Pais de 43 estudantes desaparecidos no México exigem comissão da verdade

Os 43 estudantes de Ayotzinapa (Guerrero, sul) foram detidos arbitrariamente em 26 de setembro de 2014 por policiais de Iguala, que os teriam entregue a pistoleiros do crime organizado, que os assassinaram e incineraram, segundo a investigação oficial


postado em 07/06/2018 17:51

México, México -Familiares dos 43 estudantes desaparecidos no México em 2014 exigiram ao presidente Enrique Peña Nieto que acate uma recente sentença judicial que determina a criação de uma comissão da verdade para esclarecer este caso, ainda impune e que mantém o país indignado.

"Senhor presidente, pedimos-lhe, exigimos que acate a resolução do poder judiciário (...) e garanta, economicamente e humanamente (as condições) para realizar a comissão de investigação", disse Mario González, junto com outros pais de jovens em uma entrevista coletiva na Cidade do México.

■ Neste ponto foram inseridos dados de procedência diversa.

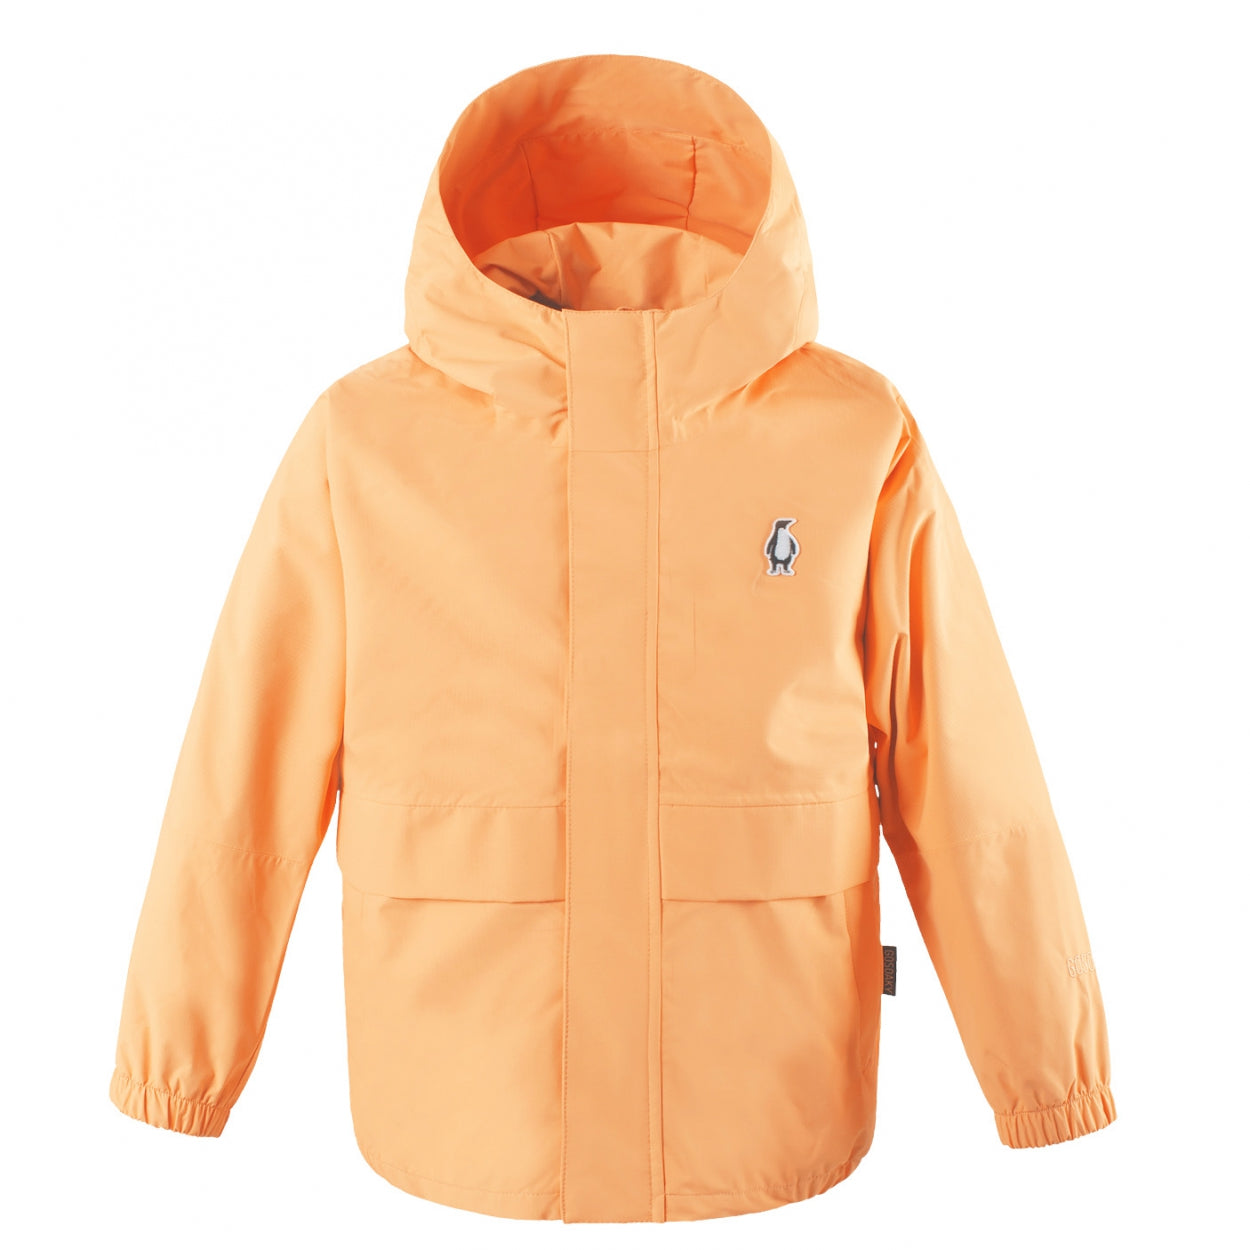 THE LION | BUFF ORANGE kids warm jacket in orange, GOSOAKY 2024.

Os 43 estudantes de Ayotzinapa (Guerrero, sul) foram detidos arbitrariamente em 26 de setembro de 2014 por policiais de Iguala, que os teriam entregue a pistoleiros do crime organizado, que os assassinaram e incineraram, segundo a investigação oficial.

Desde esse dias, somente foram encontrados e identificados os restos mortais de um dos estudantes, e, segundo a Comissão Interamericana de Direitos Humanos (CIDH), ninguém está sendo processado por desaparecimento forçado e não existe uma só sentença condenatória.

Na segunda-feira, o Conselho da Magistratura Federal anunciou que um tribunal ordenou criar uma Comissão de Investigação para a Verdade e a Justiça para este caso, integrada por familiares dos estudantes desaparecidos, membros da Comissão Nacional dos Direitos Humanos e pelo Ministério Público da Federação.

Os pais dos jovens também pediram nesta quinta o retorno dos especialistas independentes da CIDH que apoiaram na investigação por nove meses em 2015.

Em sua resolução, o tribunal concluiu que a investigação oficial não foi rápida, efetiva, independente nem imparcial, e que "existem indícios suficientes" para presumir tortura contra os acusados.

Essa decisão foi resultado de dois recursos de revisão solicitados pelos acusados pelo crime e não pelos familiares dos estudantes.